ANKARA: Pope Francis begins his first visit to Turkey on Friday in a challenging trip aimed at building bridges with Islam and supporting the embattled Christian minorities of the Middle East.
The pope will spend the first of three days in Turkey in the capital Ankara, notably holding a meeting with President Recep Tayyip Erdogan at his newly-constructed and hugely controversial presidential palace.
The 77-year-old Argentine pope will move to Istanbul on Saturday and Sunday, visiting key sites of the city’s Byzantine and Ottoman heritage as well as meeting the Orthodox Ecumenical Patriarch Bartholomew I.
The trip appears less controversial than the last by a pontiff to mainly Muslim Turkey — the visit by Pope Francis’ predecessor Benedict XVI in 2006 which was overshadowed by remarks he had previously made deemed to be anti-Islamic.
But the security of the pope will be paramount for the Turkish authorities.
The close contact with crowds that have been such a feature of the past trips by the charismatic head of the Roman Catholic Church are not expected to feature in Turkey.
Some 2,700 police are set to supervise his visit in Ankara, a number that will rise to 7,000 in Istanbul.
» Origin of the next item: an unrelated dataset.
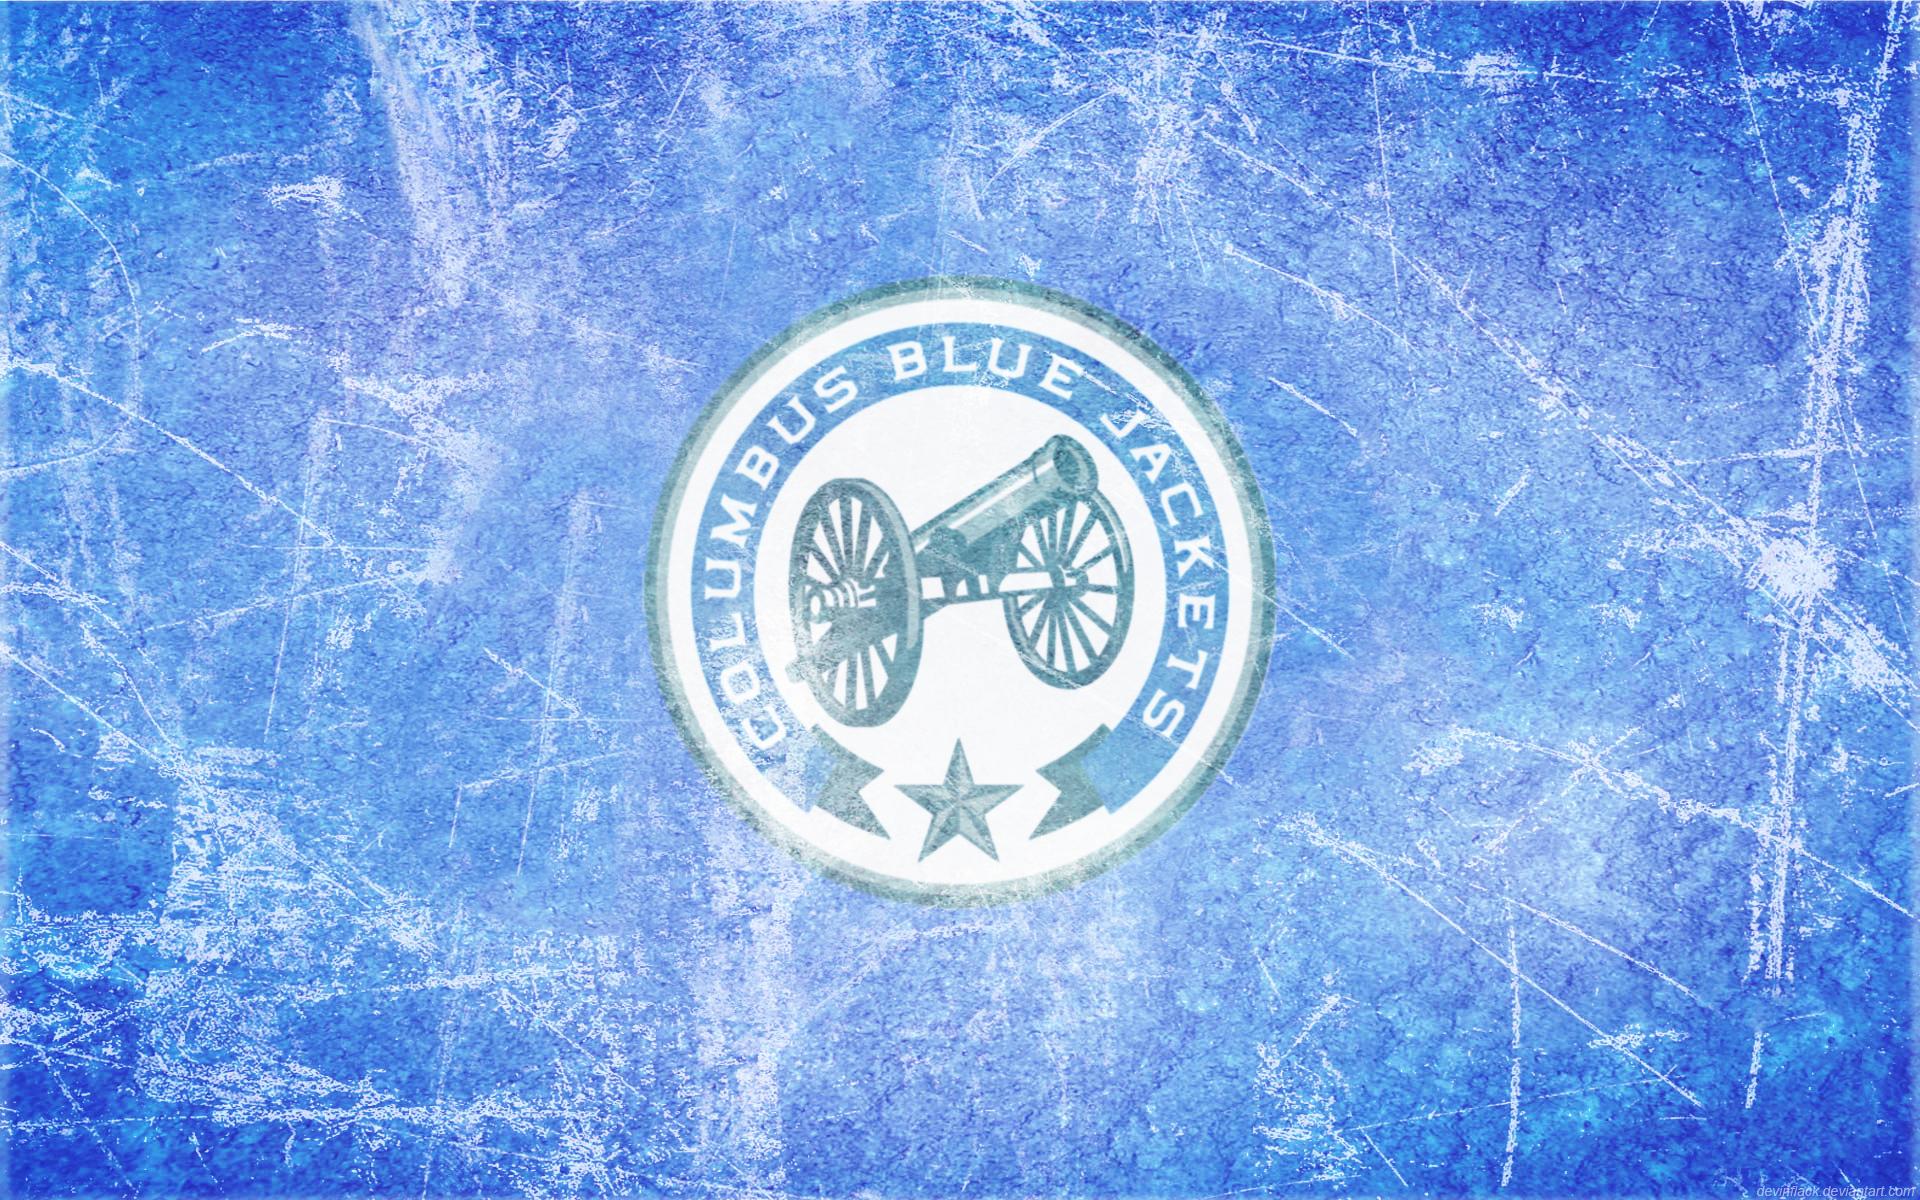 Blue Jackets Alt Ice Wallpaper By DevinFlack On DeviantArt

There have also been calls on the pope not to meet Erdogan at his vast presidential palace which has 1,000 rooms, costing no less than $615 million (500 million euros) and seen by critics as an authoritarian extravagance.
But the Vatican has refused to be drawn into the polemic, saying it is merely accepting the invitation by the hosts for the pope, who will be by far the most important visitor so far at the palace.